Locally applied patches:
    


@INC for perl v5.8.0:
    /usr/lib/perl5/5.8.0/i586-linux-thread-multi
    /usr/lib/perl5/5.8.0
    /usr/lib/perl5/site_perl/5.8.0/i586-linux-thread-multi
    /usr/lib/perl5/site_perl/5.8.0
    /usr/lib/perl5/site_perl
    .


Environment for perl v5.8.0:
    HOME=/home/k
    LANG=C
    LANGUAGE (unset)
    LC_COLLATE=POSIX
    LD_LIBRARY_PATH (unset)
    LOGDIR (unset)
    PATH=/home/k/bin:/usr/local/bin:/usr/bin:/usr/X11R6/bin:/bin:/usr/games:/opt/kde3/bin:/usr/lib/java/jre/bin:.:/usr/local/perl/bin:/usr/X11/bin:/sbin:/usr/sbin
    PERL_BADLANG (unset)
    SHELL=/usr/bin/zsh

p5pRT · 2002-12-11T23:13:03Z

From @jhi

I now took a look at this and it is surprisingly tricky (or so I think).
The problem comes form the dual model of Perl: bytes and (Unicode)
characters. Why the [\W] falsely matches is caused by the \xDF
being *on* in the *byte* side of the \W. My quick straightforward
attempts at fixing this break one of split.t tests where the split
pattern includes \x80.

p5pRT · 2003-01-03T11:50:48Z

From @hvds

(Andreas J. Koenig) (via RT) <perlbug@perl.org> wrote:
:A more illustrative test to wake you up:
:
:% /usr/local/perl-5.8.0@18125/bin/perl -le '
:$_ = "\x{df}"; utf8::upgrade($_);
:if (/([\w])/){
: warn "a letter";
:}
:if (/([\W])/){
: warn "not a letter";
:}
:'
:a letter at -e line 4.
:not a letter at -e line 7.
:
:I've tested with all perls since patch 9340 and they all misbehave.

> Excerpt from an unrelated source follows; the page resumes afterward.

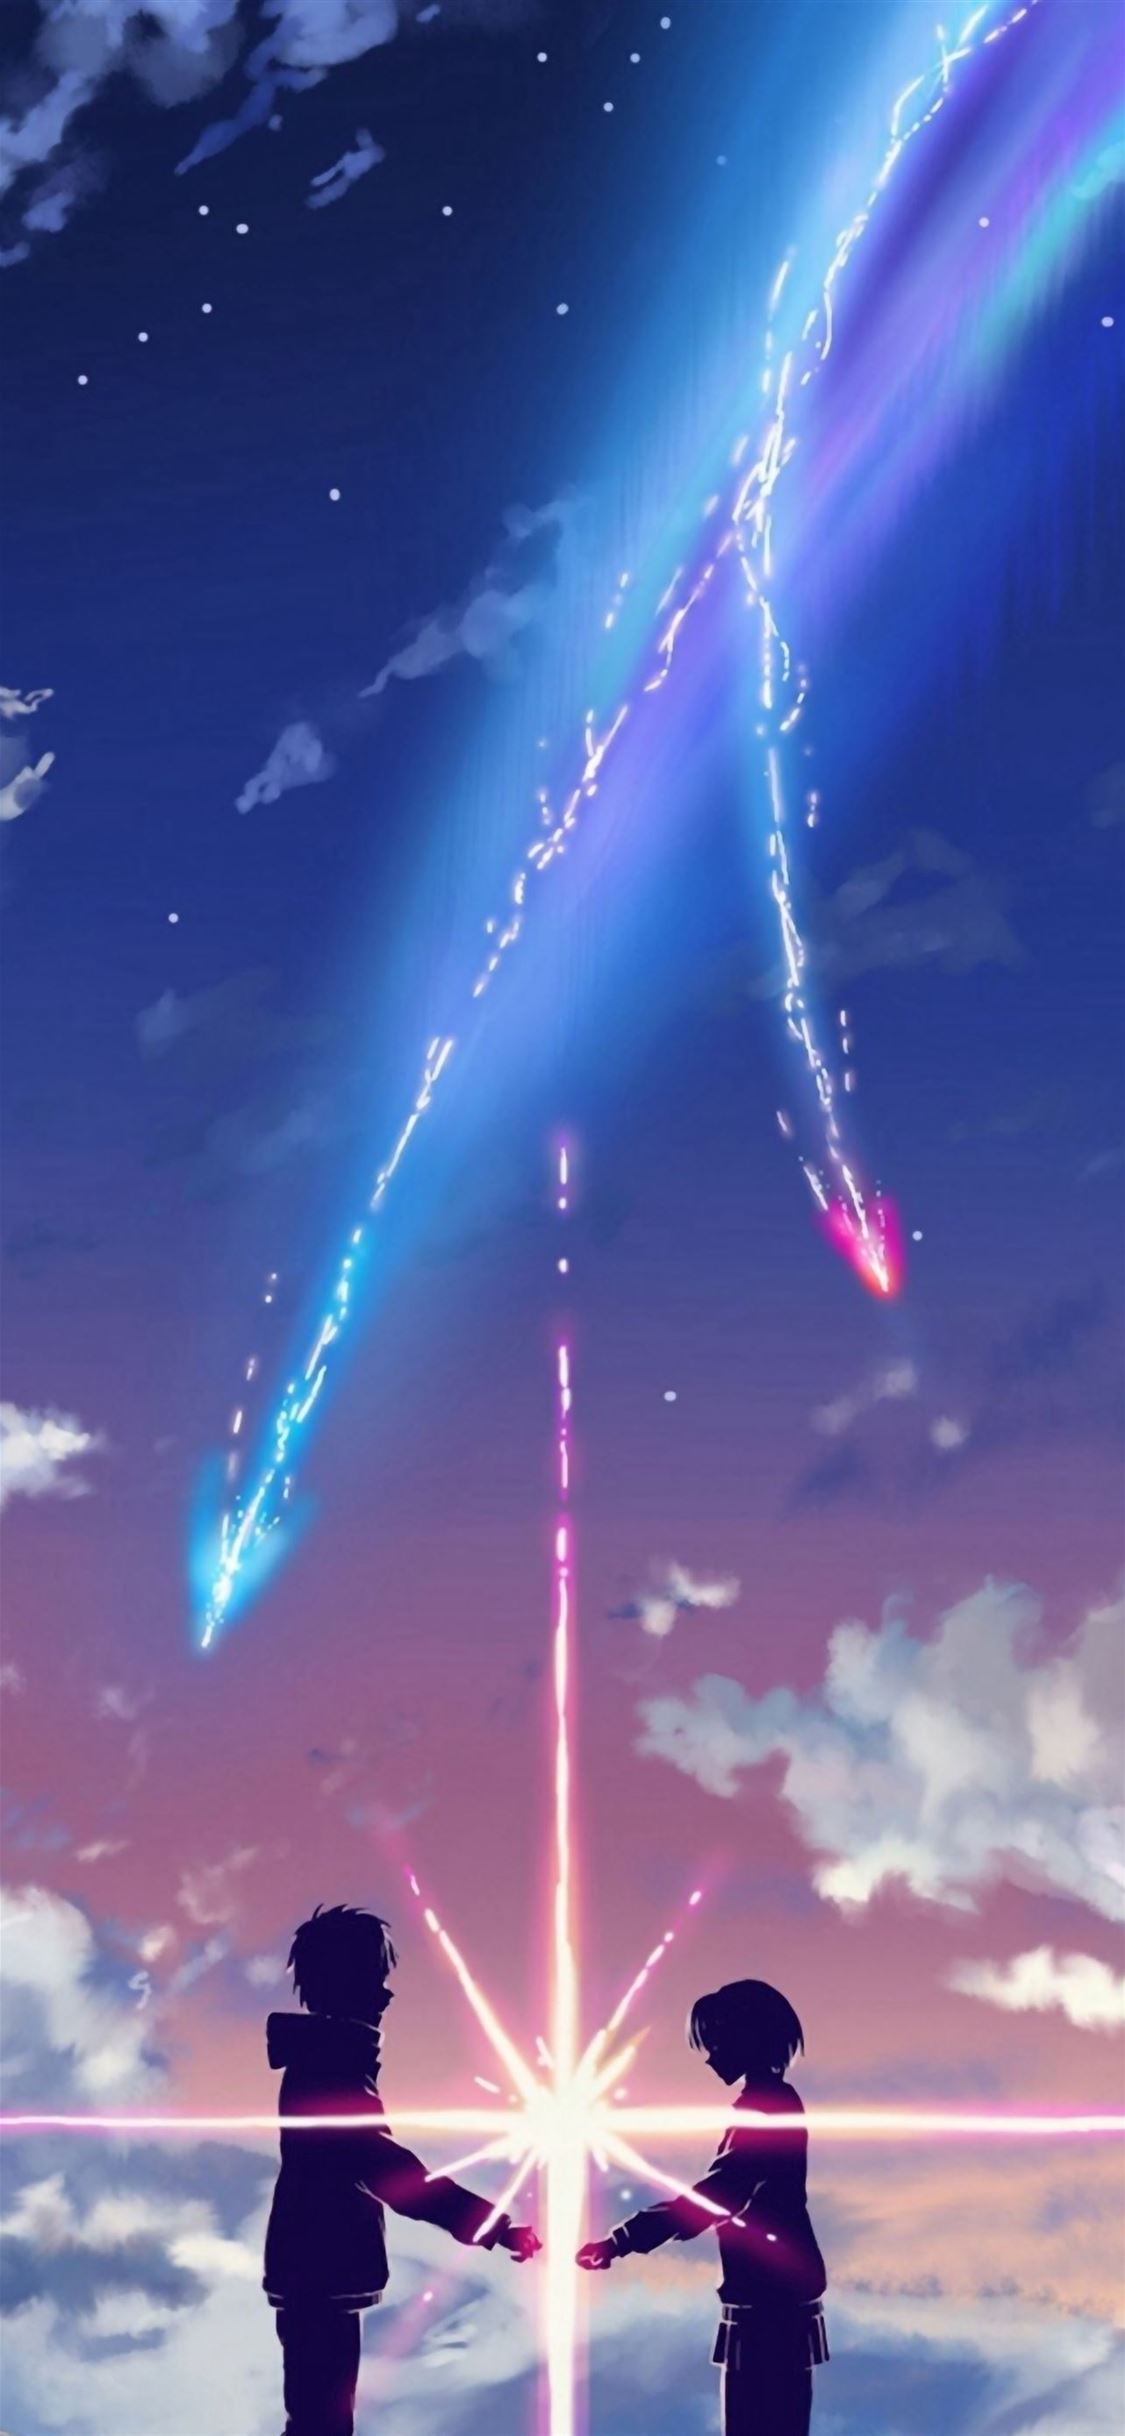 Your Name Movie Film Poster Bright Sparkle iPhone wallpaper

I've talked a bit with Jarkko about this, and we can't at this time
come up with any fix other than to document the behaviour.

The core issue is that in the old 'bytes' world, \xdf (and in fact
all of \x80-\xff) are not treated as letters, except when subject
to the vagaries of locale. In the Unicode world, \xdf maps to
a character that is defined under Unicode as being a letter. And
we are still trying to support both definitions.

There doesn't seem to be any consistent way of redefining the cases
that doesn't break some existing tests.

Note that when used outside of a character class, \xdf does not
match /\W/; I don't currently understand why it is different in this
case.

Jarkko's suggested workarounds:
(1) \w and \W: with bytes \xDF is not a letter (except if using locale
and the locale thinks \xDF is a letter), with Unicode \xDF is a letter
(2) \pL and \PL: input can be either byte or Unicode (and \xDF is a letter)
(3) \p{Word} and \P{Word}: ditto

Hugo

p5pRT · 2004-01-01T16:54:42Z

From @rgs

I documented this in perlunicode.pod as change #22031.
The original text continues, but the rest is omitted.